Right now is the perfect time to control weeds in lawns. The cold, rainy weather has slowed the growth of weeds and that can delay the germination of summer weed seeds.
Next week, I will discuss using pre-emergent herbicides to control summer weeds. But now we need to look at the weeds that are in our lawns to determine the best way to control them.
There are several weeds that can be hard to control, but with proper turfgrass management we can reduce the weeds.
However, there are times when it becomes necessary to use herbicides. Some of the weeds that are difficult to control are dandelion, wild garlic and onion. Also, some lawns have a sticky weed that needs to be controlled now.
As a kid, we loved to play with the seed head of dandelions by carefully breaking the stem of the plant and blowing the puffball at the end of the stalk. The seeds would float away on the wind. Little did we know that we were seeding the neighbor's yard.
Dandelion is a winter perennial that grows back from a taproot. However, the plant can be propagated from seed.
Dandelion leaves form a rosette close to the ground. This growth habit makes it hard to control by mowing. Digging this weed is possible, but if any part of the tap root is left the plant will grow back.
One way to tell dandelion from other weeds is that the leaves and stalk of the plant will exude a milky substance when broken.
Dandelion is one of the hardest weeds to control in lawns, especially centipede and St. Augustine lawns. The deep taproot stores lots of energy, which allows the plant to come back after herbicide applications. Use herbicides that contain 2,4-D. It is found in many products, usually in conjunction with MCPP and dicamba. It will take at least two applications to control dandelion.
In centipede and St. Augustine, these products must be used at a half rate or it can injure the turf. Atrazine, which is commonly used in centipede and St. Augustine, will give fair control at best.
The next group of hard-to-control weeds is wild garlic and onion. Wild garlic (Allium vineale) and wild onion (Allium canadense) are winter perennials, with wild garlic the more common of the two. These weeds emerge in late fall from underground bulbs and grow through the winter and spring. In late spring, they form aerial bulblets and the plants die back in early summer. The underground bulbs can persist in the soil for several years.

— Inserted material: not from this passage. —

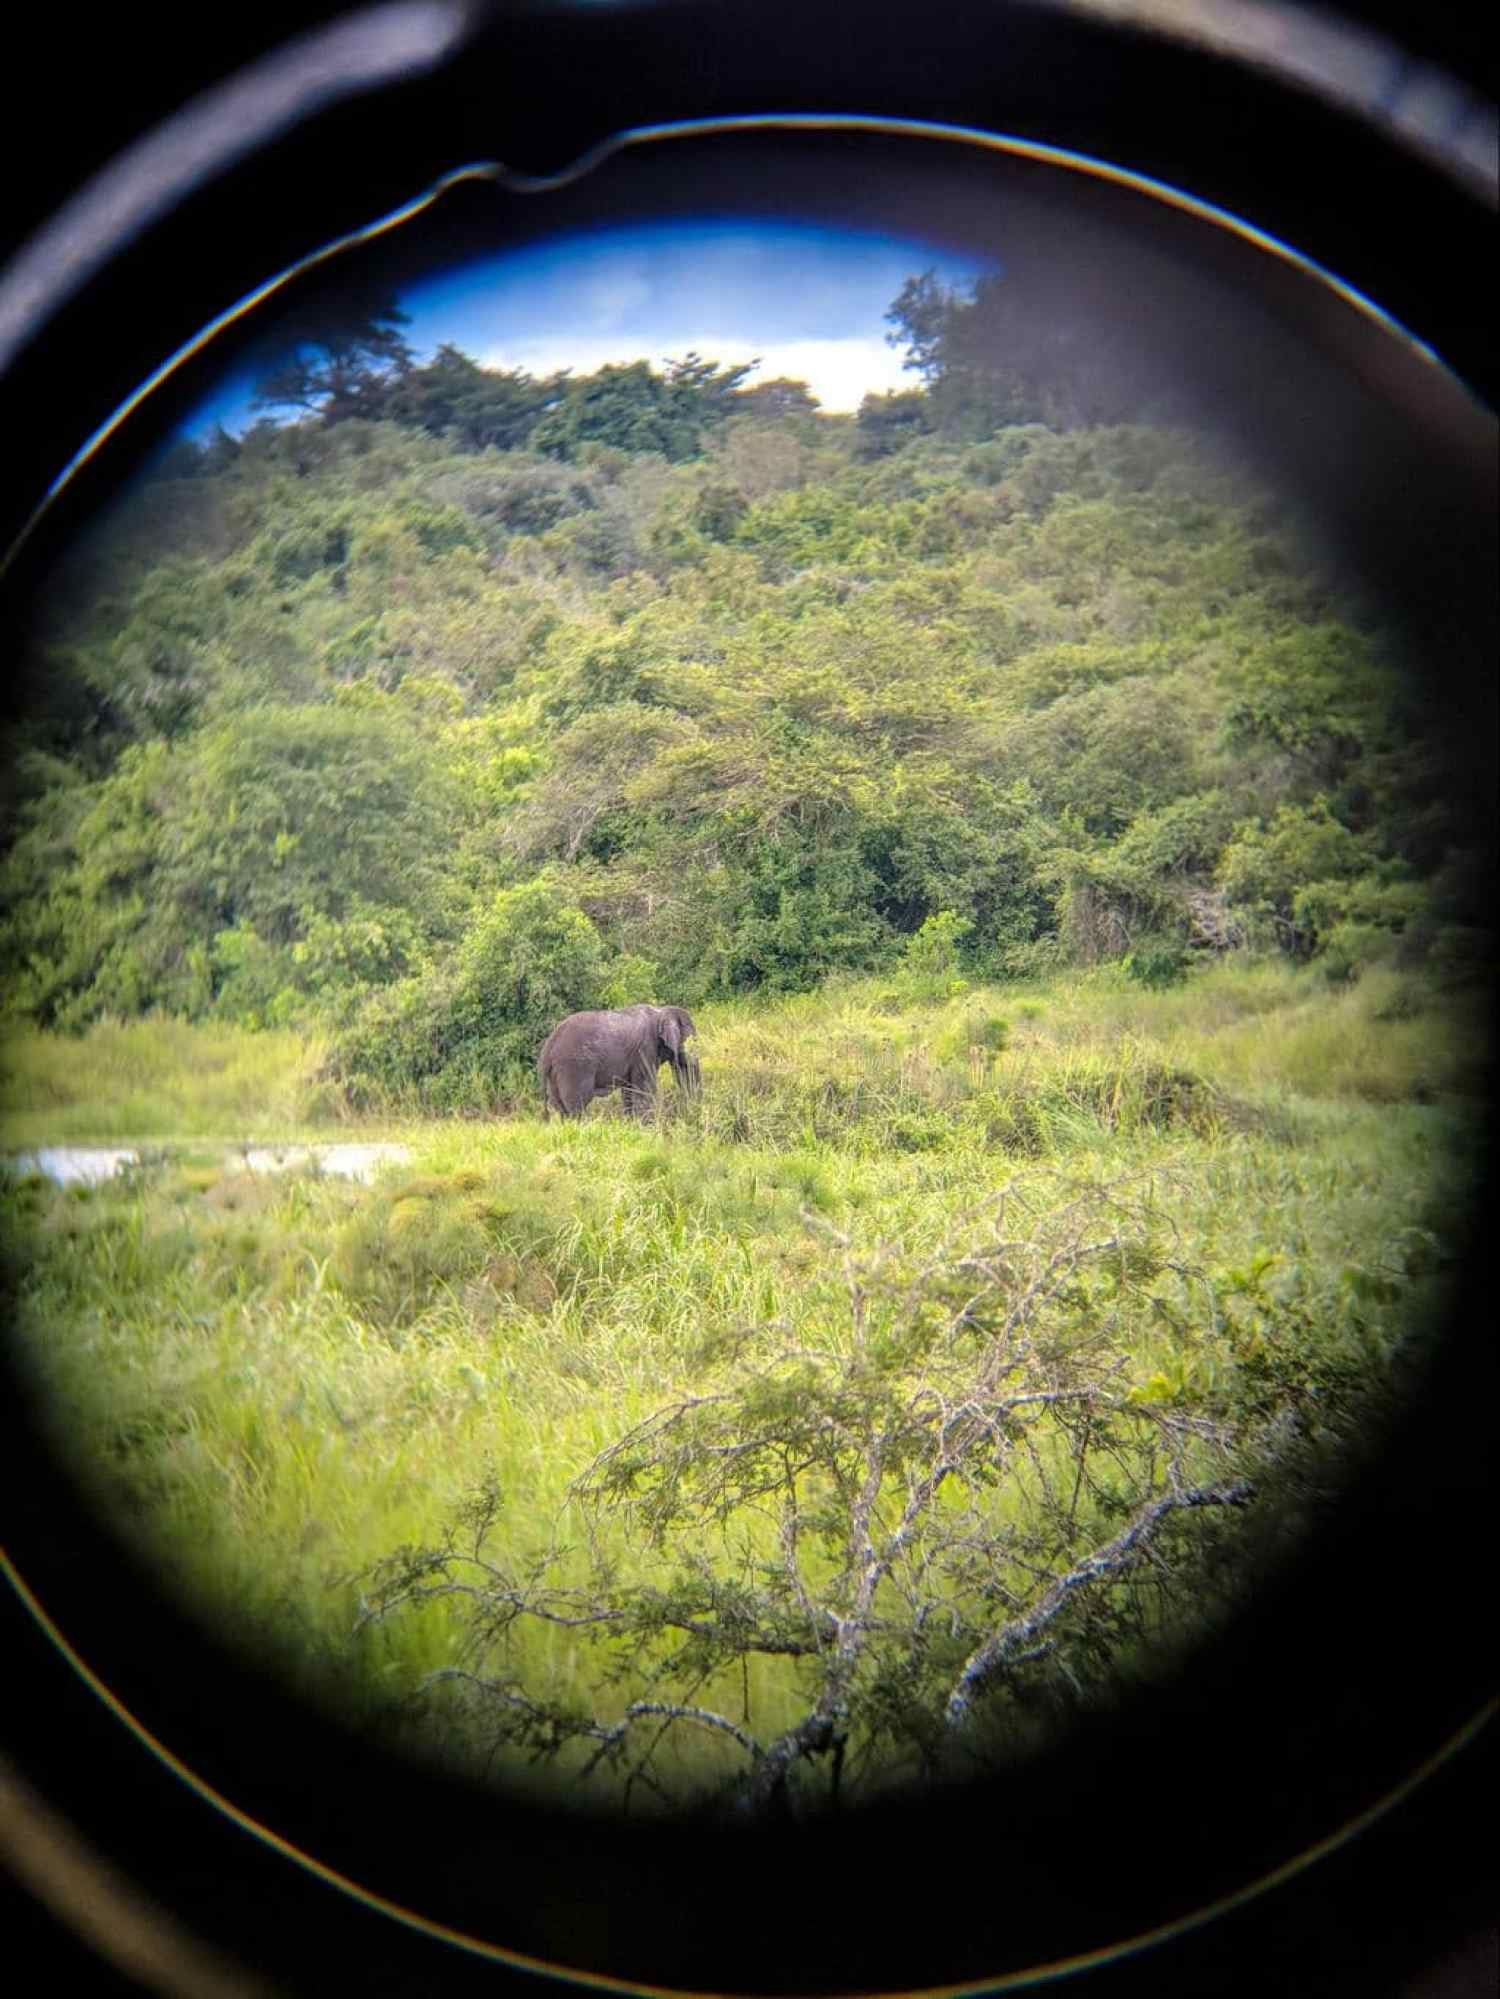 Hard to spot elephants through a binocular

Both have thin, green, waxy leaves. Those of wild garlic are round and hollow, while those of wild onion are flat and solid. This is the best way to distinguish between them, because they have the same odor.
This is a great time to hand pull these weeds, because the soil is so soft. I cleaned up a section of my lawn this way. It took me two to three years, but the amount of wild garlic and onion is greatly reduced.
There are a number of herbicides that will control these weeds. Imazaquin, the active ingredient in Image Nutsedge Killer, will provide control for wild garlic and wild onion. This product should not be applied to warm-season turf during green-up in spring. Three-way broadleaf herbicides containing 2,4-D, dicamba and mecoprop will provide control of wild garlic and wild onion with repeat applications. These products can be used safely on most turfgrasses, but reduced rates are recommended when applying to St. Augustine or centipede grasses. Apply during November, very early spring, and again the next November for best control. Do not apply these herbicides during the spring green-up of warm season turfgrasses, or over the root zone of nearby ornamental trees and shrubs.
There is nothing worse than running barefoot through your lawn and getting stickers in your feet. These stickers are from a low-growing, mat-forming weed called lawn burweed. It is a winter annual that comes back from seed each year. The seeds are the stickers.
One of the best ways to control this weed is to have a thick, healthy lawn. The thick lawn out-competes the weeds for sunlight, water and nutrients.
Apply herbicide in late fall and early winter. By mid-March, the seeds are starting to harden, and killing the weed will still leave the sticker.
Again, the three-way products will control this weed, and they will usually control it with one application. For centipede and St. Augustine, use atrazine.
It takes herbicides longer to work in cold weather, so wait two to three weeks before expecting to see weeds dying.